An infographic comparing Autoencoder (AE) and Variational Autoencoder (VAE) on the feature of smiling, showing AE with discrete values and VAE with a probabilistic approach. — Source: Variational Autoencoders (VAEs) for Dummies — Step By Step Tutorial

Additional reading: Variational Autoencoders (VAEs) for Dummies

Transformers — like master chefs, instinctively handling complex recipes with lots of ingredients.
Transformers can work with large amounts of text and recognize how words in a sentence relate to each other — how cool is that? Their ability to grasp context and the sum of the parts yields more accurate results. Applications include natural language processing such as translation and text summarization. More recently, they have been used to process tasks like image and music generation such as within Dalle.

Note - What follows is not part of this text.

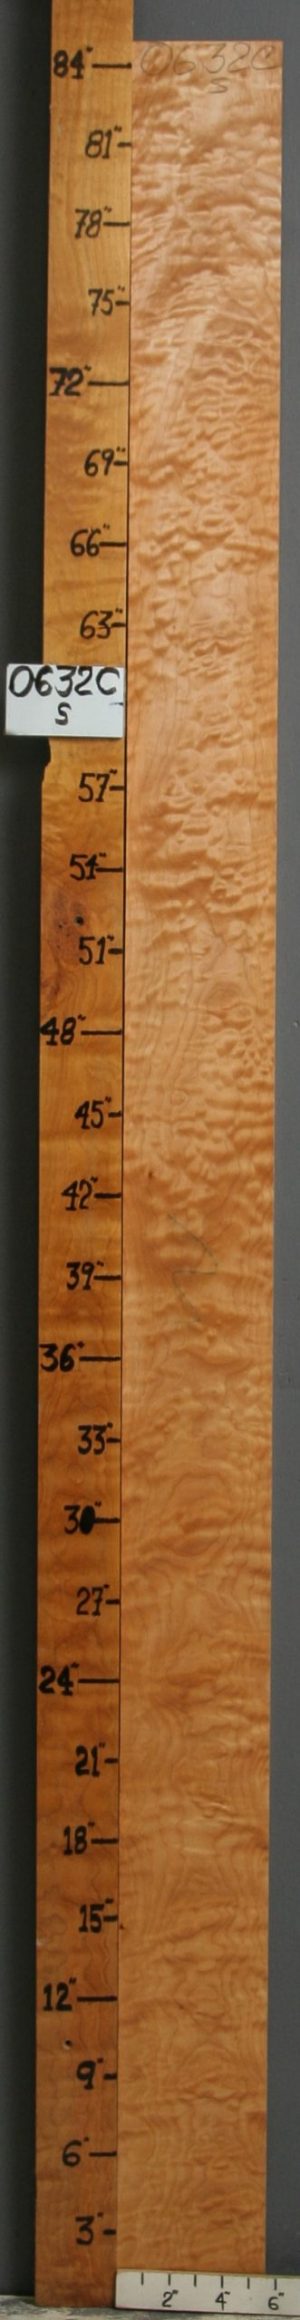 MUSICAL QUILTED MAPLE LUMBER 5"1/2 X 85" X 4/4 (NWT-0632C)
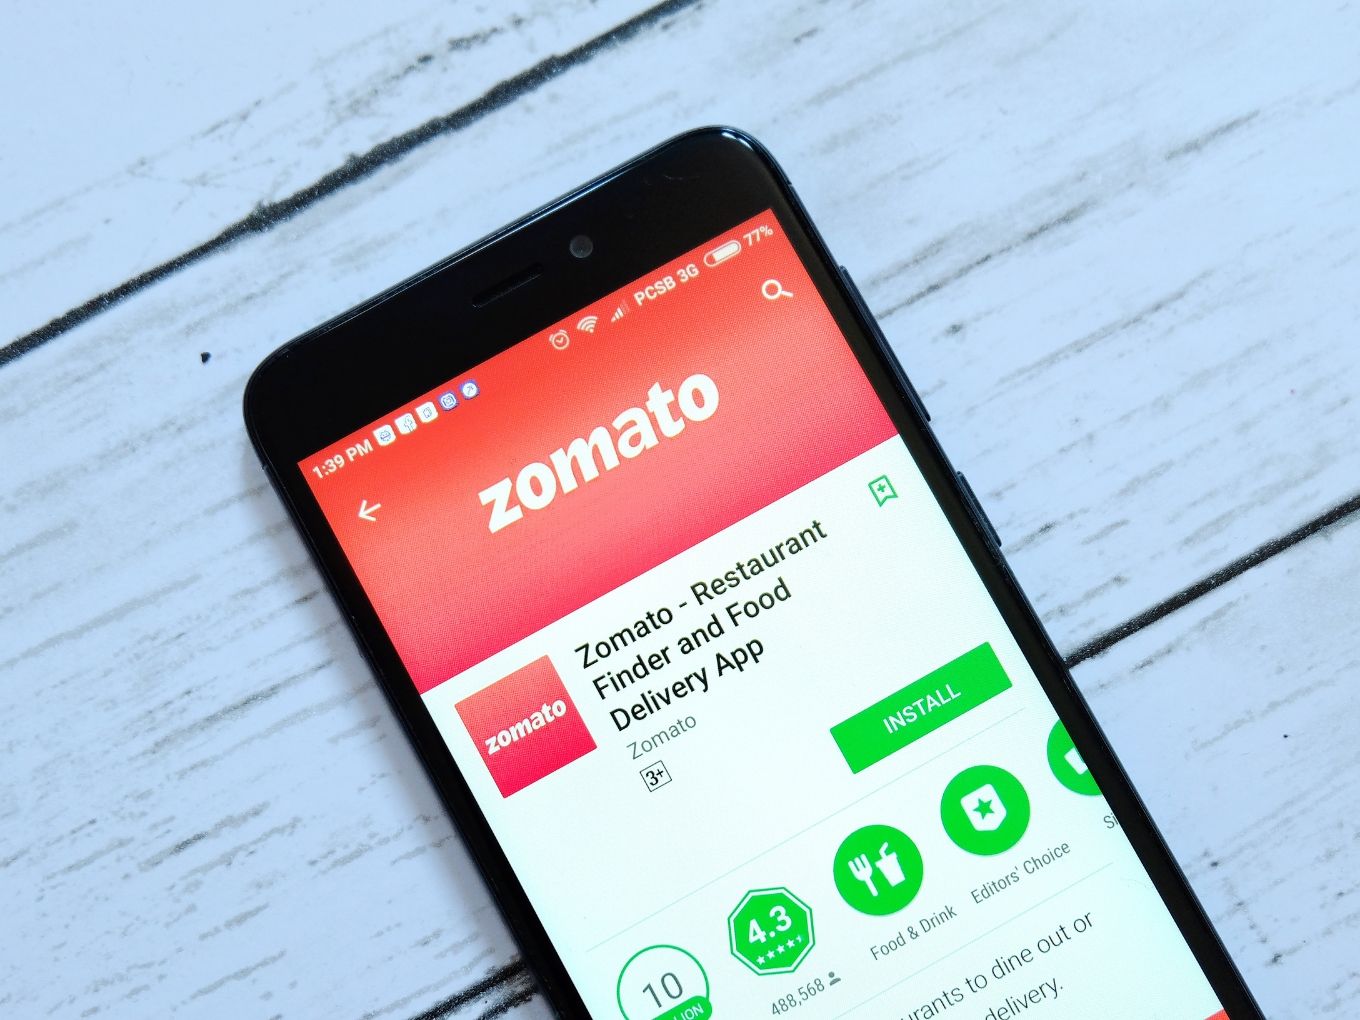 Zomato Layoffs: 540 Employees Let Go Within A Month Of First Round Firing

The image depicts an AI foundation model workflow. Data types like text, images, speech, structured data, and 3D signals feed into training. The trained foundation model then adapts to perform tasks like question answering, sentiment analysis, information extraction, image captioning, object recognition, and instruction following. — Source: Nvidia What is a transformer model

Additional reading: Nvidia What is a transformer model

Train — training an AI model is akin to teaching a check new skills
Part of what makes a chef successful is learning from successes and mistakes and refining one’s craft.
Training a model is an iterative process. The generator conjures new content based on random inputs, and the discriminator discerns between real and synthetic content. The generator refines its output based on discriminator feedback, gradually achieving the ability to generate content indistinguishable from real data.

An abstract image of a chef surrounded by lots of color, utensils suspended in the air, lots of ingredients on the table, with a pen in hand and an experimental type vibe. — Image produced using DALL·E 3

Generate — Crafting a new delicious meal

A well trained chef can quickly improvise to create new meals with a few simple inputs.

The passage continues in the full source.